Loan is a big issue for recent grads. I don't know how you pay them off though.. whether you marry a baller or your parents are paying them off for you.

I would be scared to graduate from a residency program if I had $1 mil student loans. That's equivalent to have 70k from compound interest only. I am not sure whether that would be worth it... if loan is a lot less than $1 mil or maybe 200 - 300k, then I think it will be definitely worth it if you enjoy practicing one specific area of dentistry, if you do not get bored of it, etc.

GP money seems lucrative when residents are still in training especially when the residents do not have real world dentistry experience. However, in a long run, if specialists can manage loans, they will make more money and work less in general. Excluding the business factor of general dentist (i.e. owning multiple practices, hiring inhouse specialists, volume of hygiene patients), and assuming that GPs like me working butt off 4 - 5 days a week as an associate in high volume PPO practice, I am pretty sure that my maximum take home gross income would be $450k a year and that's the highest that I can go while that number can be easily attained by recent grad endodontists doing 4 molars a day 4 days a week traveling around GP practices.

Just my 2 cents.

conclusion: if you have passion, interest, grades, resume or whatever, specialize if you can

What about GP owners? They seem to be doing well for themselves.
 
What about GP owners? They seem to be doing well for themselves.

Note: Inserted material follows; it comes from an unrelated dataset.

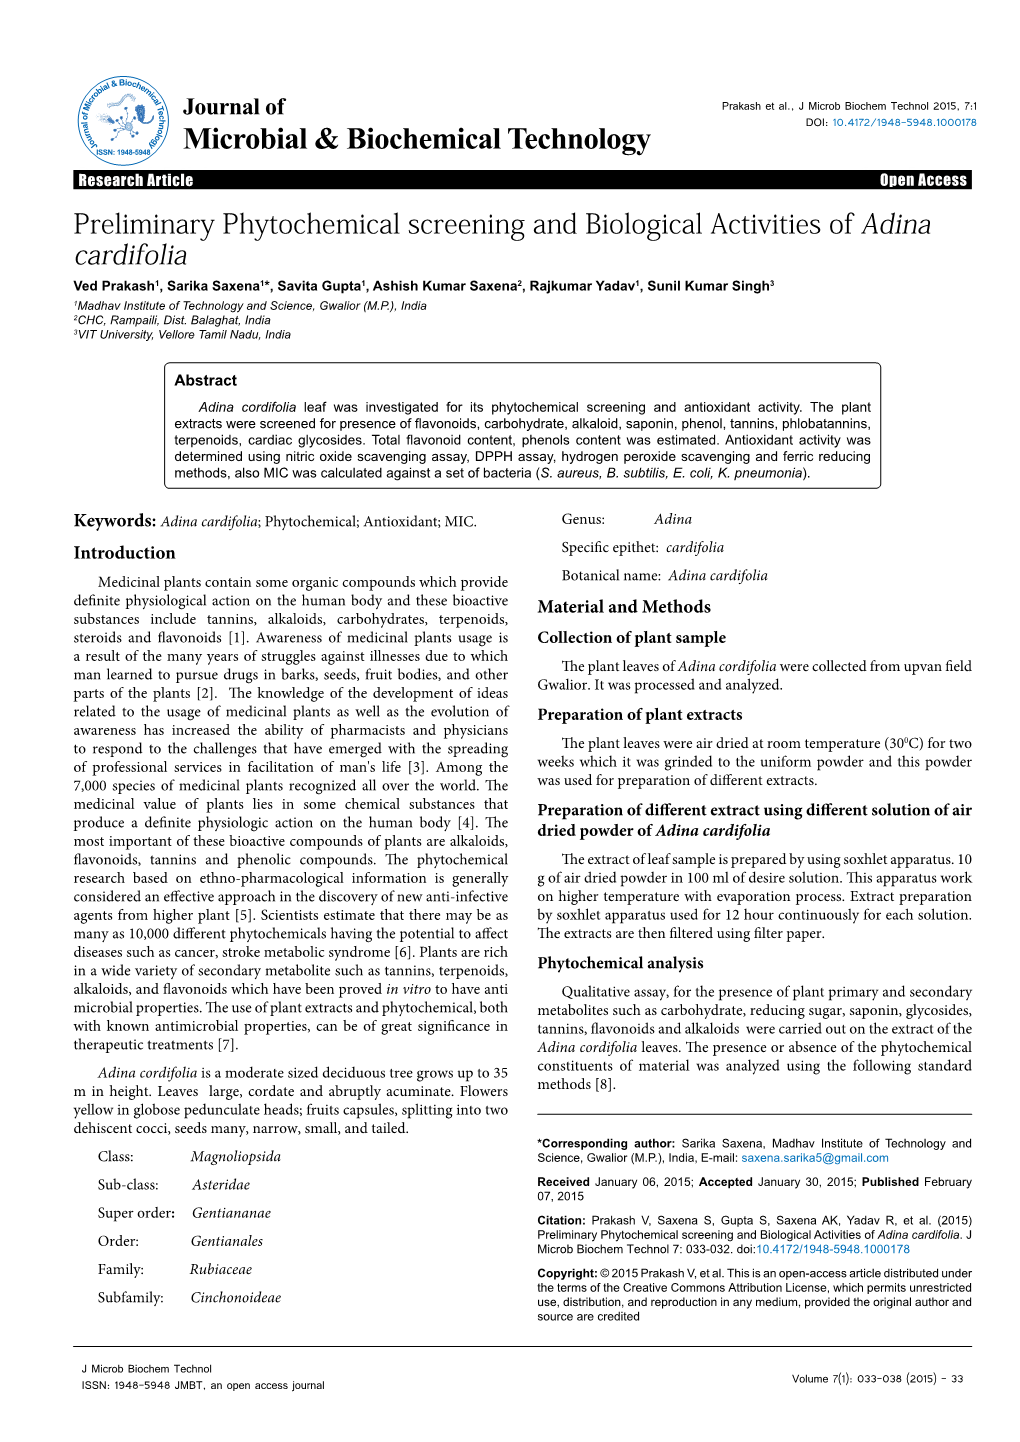 Preliminary Phytochemical Screening and Biological Activities of Adina

Buy the right practice, and you will be more then fine.

What is a good day consists of is about:
3 Crowns
5-10 Fills
20 Hygiene Checks
Or:
1 implant, 1-2 crowns
5-10 fills
20 hygiene checks
Or:
1 Bridge, 1 Crown
Few Fills
20 Hygiene Checks

That is easy peasy.

What a average day consists of:
1-2 crowns
<5 fills
Few holes in hygiene
or
Tons of fills
Few holes in hygiene

Bad day is bad day.

I bought the practice about 2 1/2 years out of school and netting $$$ straight off the bat on 4 days work week. Best month was last month. I make triple what I made as an associate GP. I don't do any endo, ortho, or os. Like I said business and good practice trumps all. If you truely liked ortho, you could always incorporate it into your practice. I really do think specialists make good money, but GP's- especially super GP's can. I'm sure if someone took over my practice and had ortho/endo/os skills, they could skyrocket the numbers. But I don't like to stress and prefer to just do fills and sleep tight at night.

There will always be room for specialists and they are def needed. But I would only go there if you truely liked it. My pedo guy sees 50 patients a day. Record was 80. He makes tons of money...but I could never do Pedo....I give my hat off to him.
 
Buy the right practice, and you will be more then fine.

What is a good day consists of is about:
3 Crowns
5-10 Fills
20 Hygiene Checks
Or:
1 implant, 1-2 crowns
5-10 fills
20 hygiene checks
Or:
1 Bridge, 1 Crown
Few Fills
20 Hygiene Checks

That is easy peasy.

What a average day consists of:
1-2 crowns
<5 fills
Few holes in hygiene
or
Tons of fills
Few holes in hygiene

Bad day is bad day.

I bought the practice about 2 1/2 years out of school and netting $$$ straight off the bat on 4 days work week. Best month was last month. I make triple what I made as an associate GP. I don't do any endo, ortho, or os. Like I said business and good practice trumps all. If you truely liked ortho, you could always incorporate it into your practice. I really do think specialists make good money, but GP's- especially super GP's can. I'm sure if someone took over my practice and had ortho/endo/os skills, they could skyrocket the numbers. But I don't like to stress and prefer to just do fills and sleep tight at night.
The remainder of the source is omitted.